Feb. 28th, 2012

4thofeleven: (Default)
Crap, been busy. Quick, catch up, catch up!

21 - Which Star Trek food would you want to try at least once?

None of the major Trek species seem to have particularly interesting cuisine, really. There’s Klingon (Real warriors eat nothing but raw meat, apparently), Vulcan (Logical apparently equals bland), Ferengi (Apparently the same live bugs eaten by the “Conspiracy” aliens… hmm…)

22 - Which Star Trek world would you want to visit at least once?

Well, no surprise, my choice is Romulus. Admittedly, that’s as much because we don’t ever see much of it on the show, but also because it seems like a nice enough place to visit, assuming you can avoid running afoul of the authorities. Vulcan is dry and hot, Andor very cold, the Klingon and Cardassian homeworlds seem perpetually overcast, and their architecture seems to lean towards totalitarian brutality anyway. Romulus seems a lot more temperate, and the cities aren’t quite as overbearing.

23 - Is there anything you'd want to change about Star Trek? Why?

Ignoring trivial changes to specific episodes, if I were to change one storyline it would be... the Section 31 storyline in DS9.

Now, one of the things DS9 did quite well was to challenge the setting assumptions that underlined TOS and TNG; the exchange between Bashir and Kira in “Emissary” about ‘the frontier’ is a great scene, and in general, DS9 did quite well at underlining some of the unstated flaws in the Federation culture that had been previously established. That’s great, that’s good stuff. Section 31 seemed to spring from the same impulse, but it…

Well, the problem was that depicting the Federation and Starfleet as vaguely, unthinkingly colonialist or imperialistic in its dealings with alien worlds is something that’s perfectly in line with what was shown before. Depicting the Federation as being secretly maintained by black-ops puppet masters who do all the dirty work needed to maintain security… was not.

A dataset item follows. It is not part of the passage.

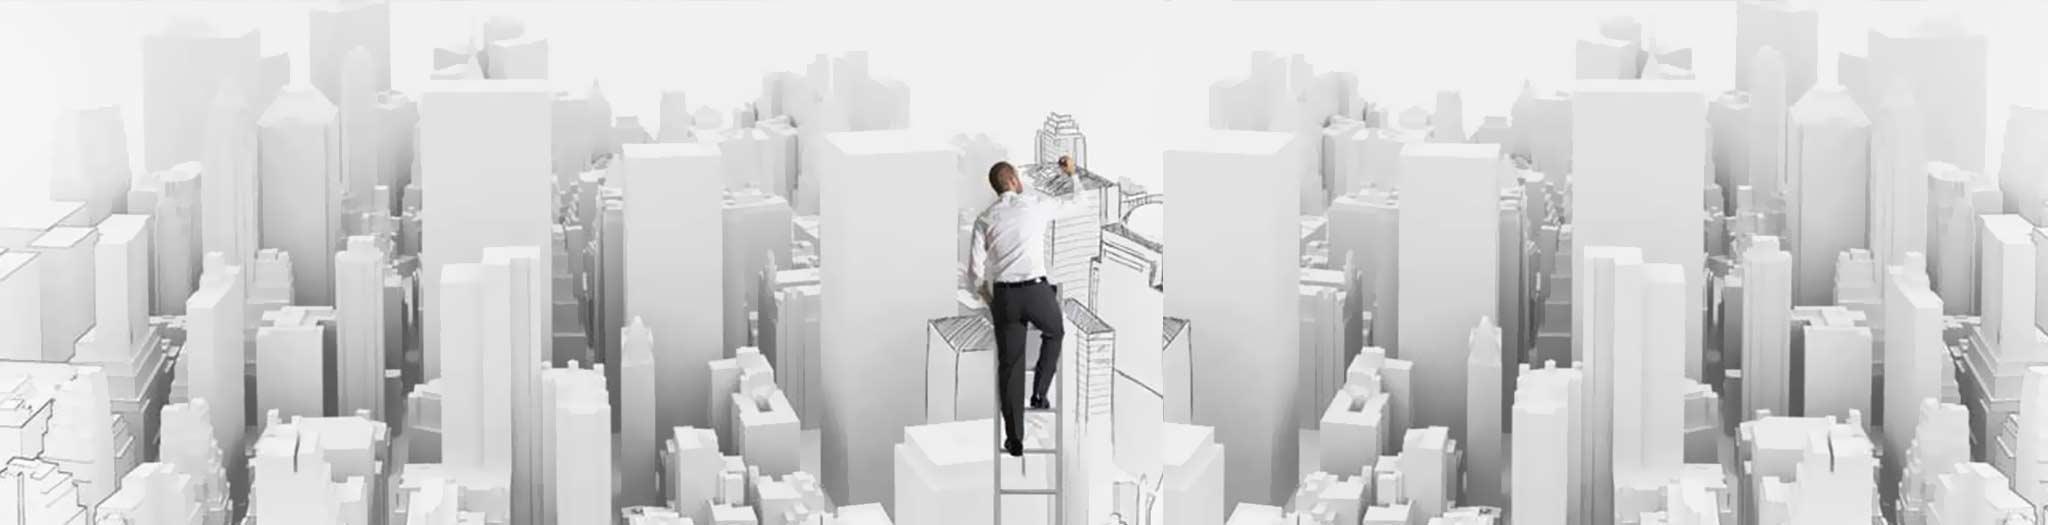 Iniziative e soluzioni immobiliari

Now, to be fair, “Inquisition” is a fun conspiracy theory episode. The problem is, like most conspiracy theories, Section 31 doesn’t really stand up to much analysis. How does a secret organization like that get the resourced needed to not just deal with threats but then cover up all trace of their own existence? How does Section 31 even benefit from being so utterly secretive in the first place? The Tal Shiar and the Obsidian Order might not operate openly, but they don’t try to cover up the fact that they exist in the first place.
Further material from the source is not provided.